**YOUR OBJECTIVE**
Output the data below exactly, without images.

[EXERCISE DATA — start]

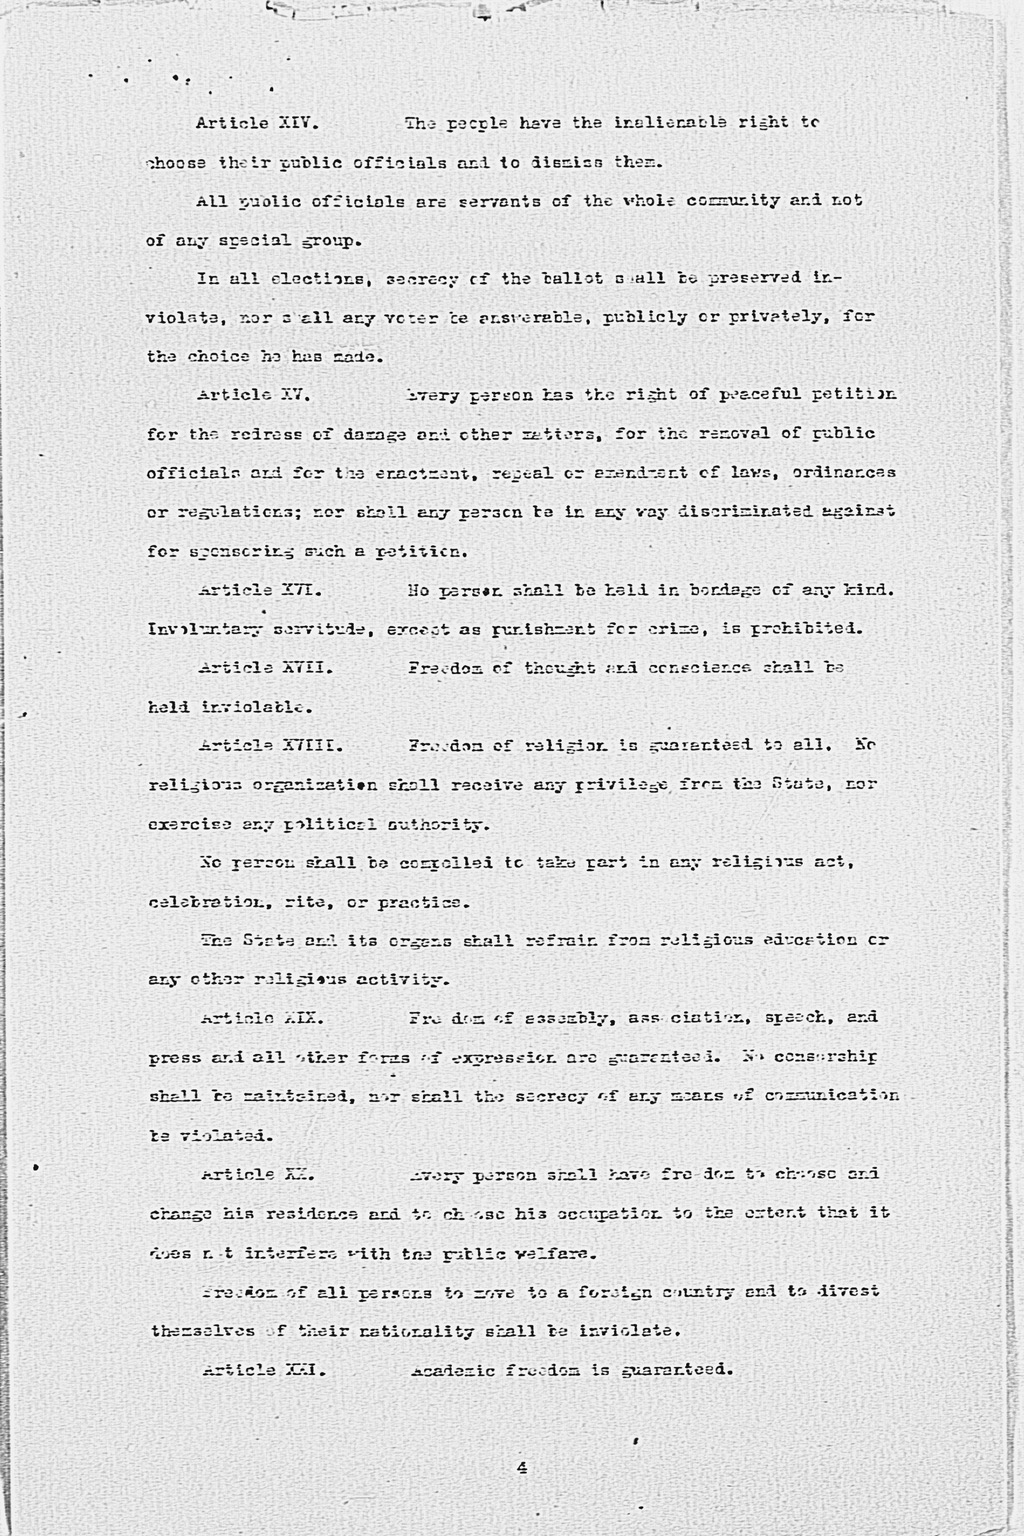 [Max W. Bishop to the Secretary of State, Subject: Japanese Government's Draft Constitution](Larger image)
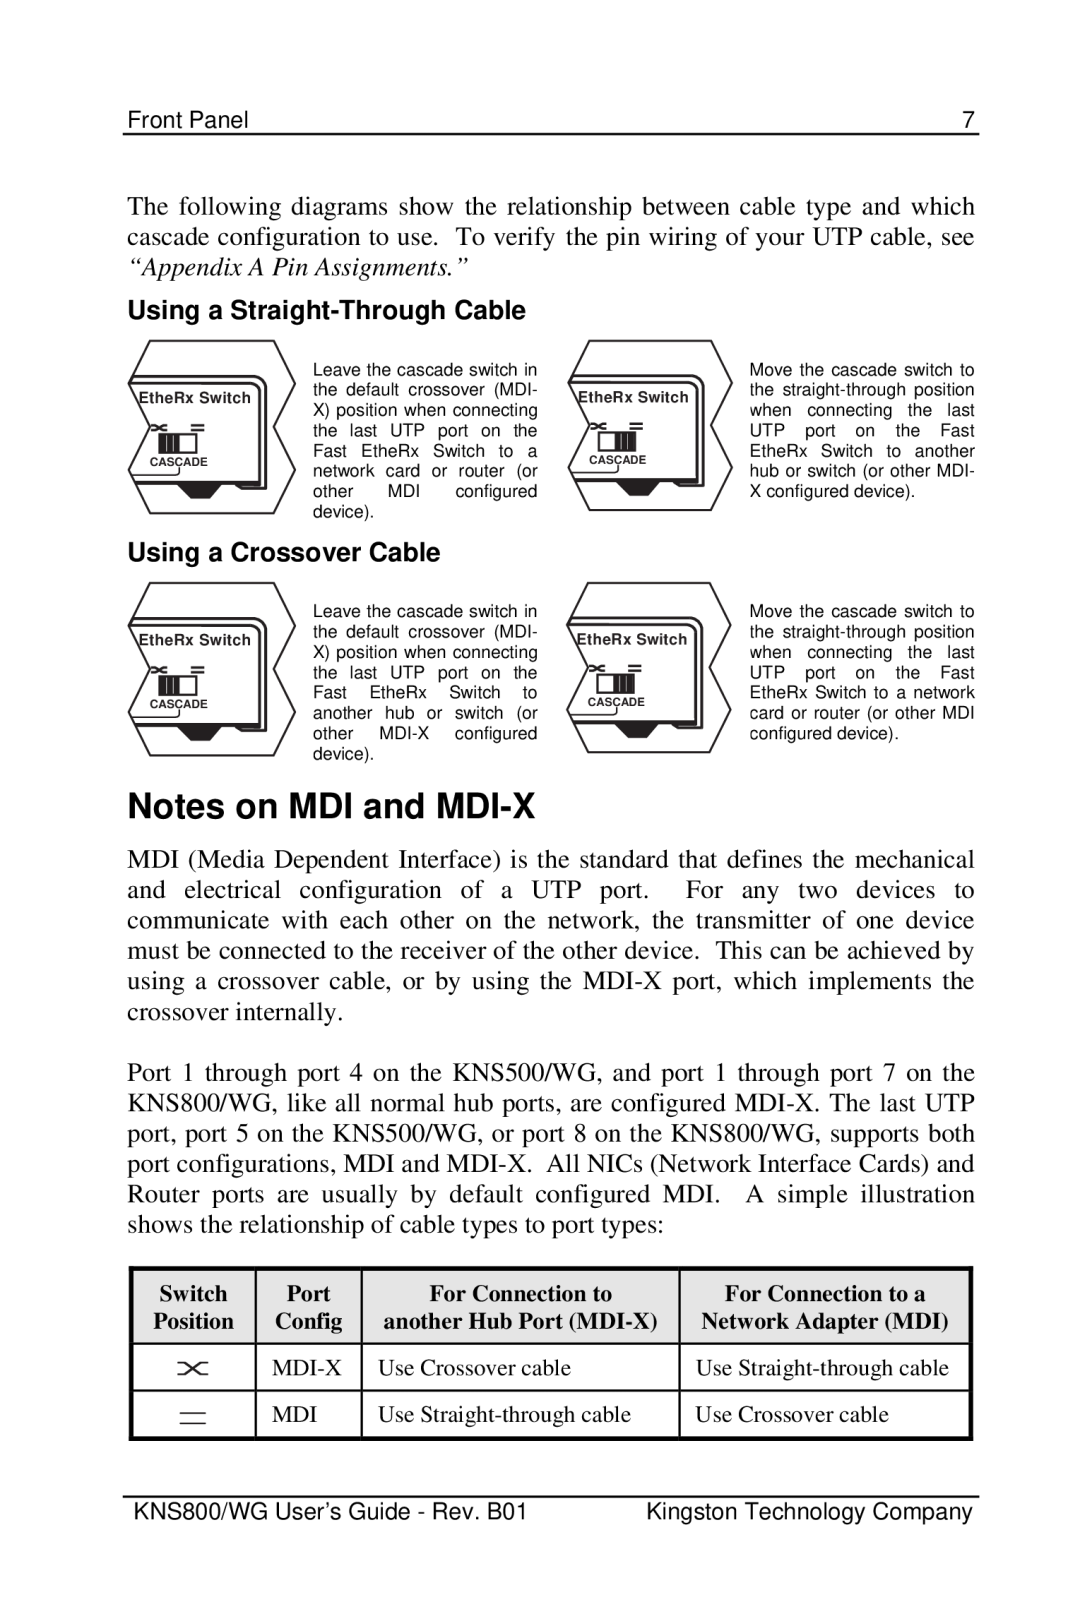 Kingston Technology KNS500/WG, KNS800/WG Notes on MDI and MDI-X, Using a Straight-Through Cable, Using a Crossover Cable 
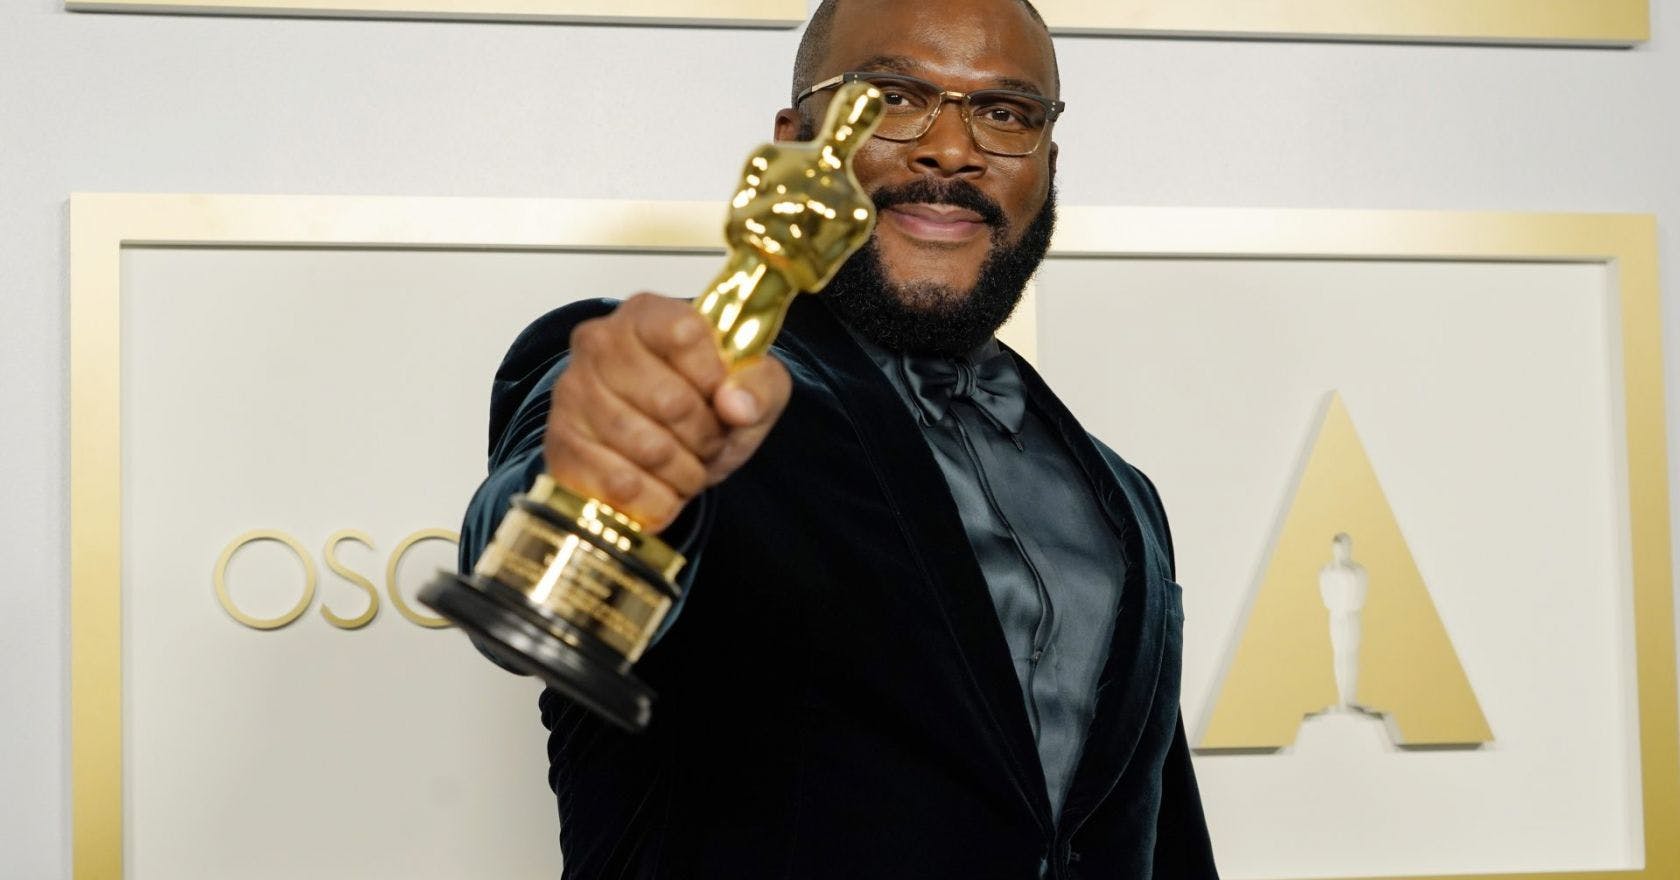 hy Tyler Perry’s viral Oscars speech has proven so divisive
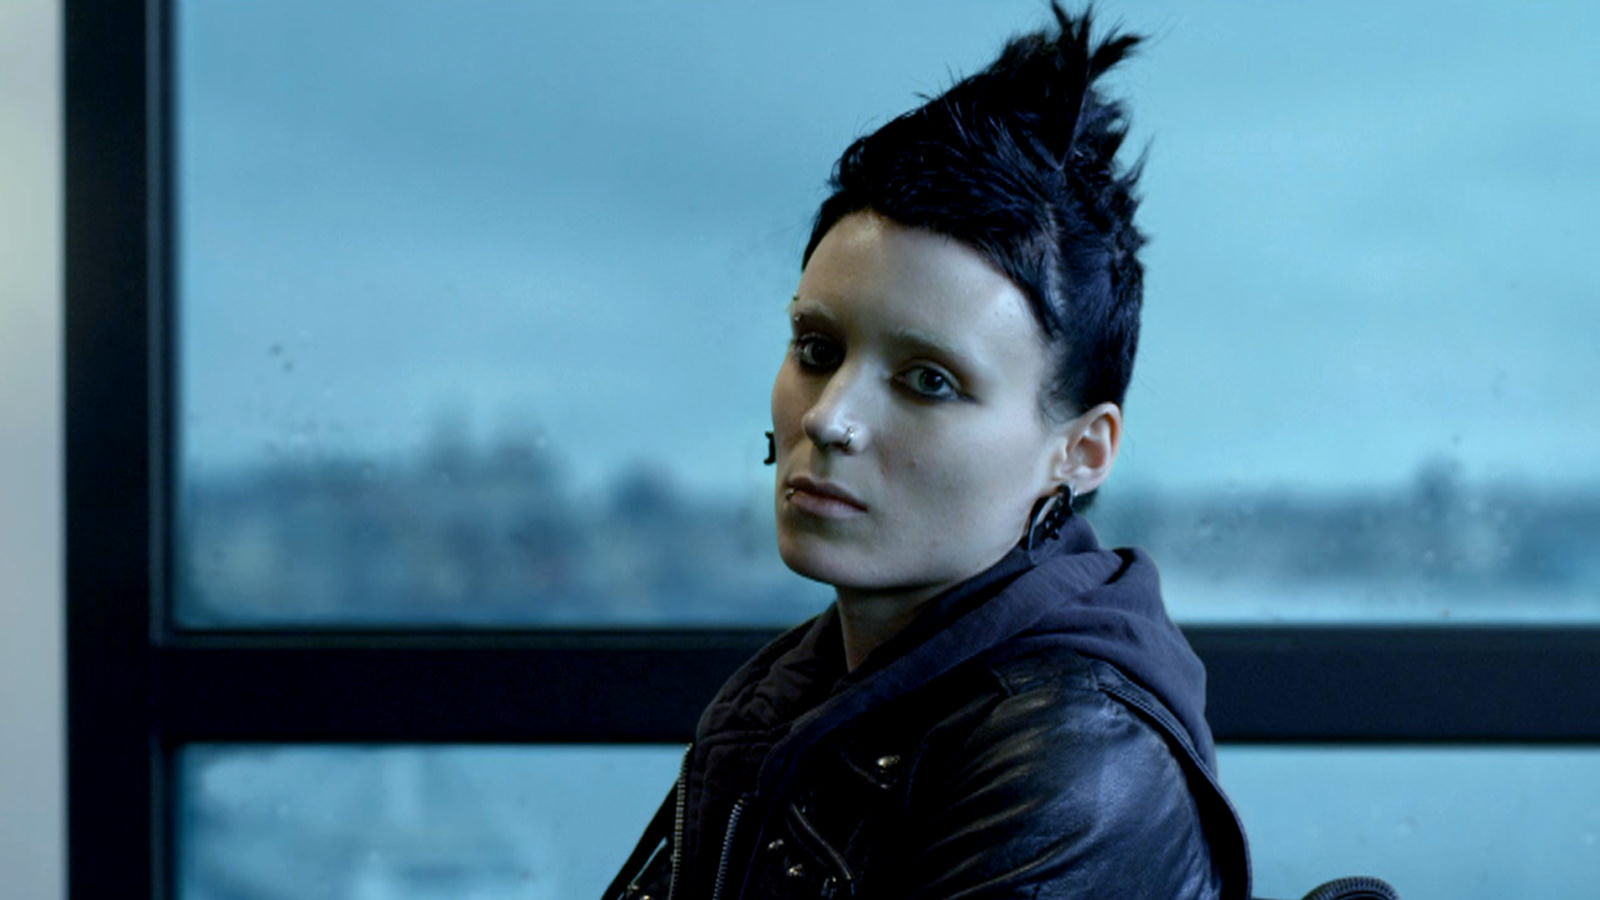 158710_behind-the-scenes-rooney-mara-in-the-girl-with-the-dragon-tattoo

[EXERCISE DATA — finish]

**SOLUTION FOR THIS PROBLEM**
 [Max W. Bishop to the Secretary of State, Subject: Japanese Government's Draft Constitution](Larger image)
 Kingston Technology KNS500/WG, KNS800/WG Notes on MDI and MDI-X, Using a Straight-Through Cable, Using a Crossover Cable 
 hy Tyler Perry’s viral Oscars speech has proven so divisive
 158710_behind-the-scenes-rooney-mara-in-the-girl-with-the-dragon-tattoo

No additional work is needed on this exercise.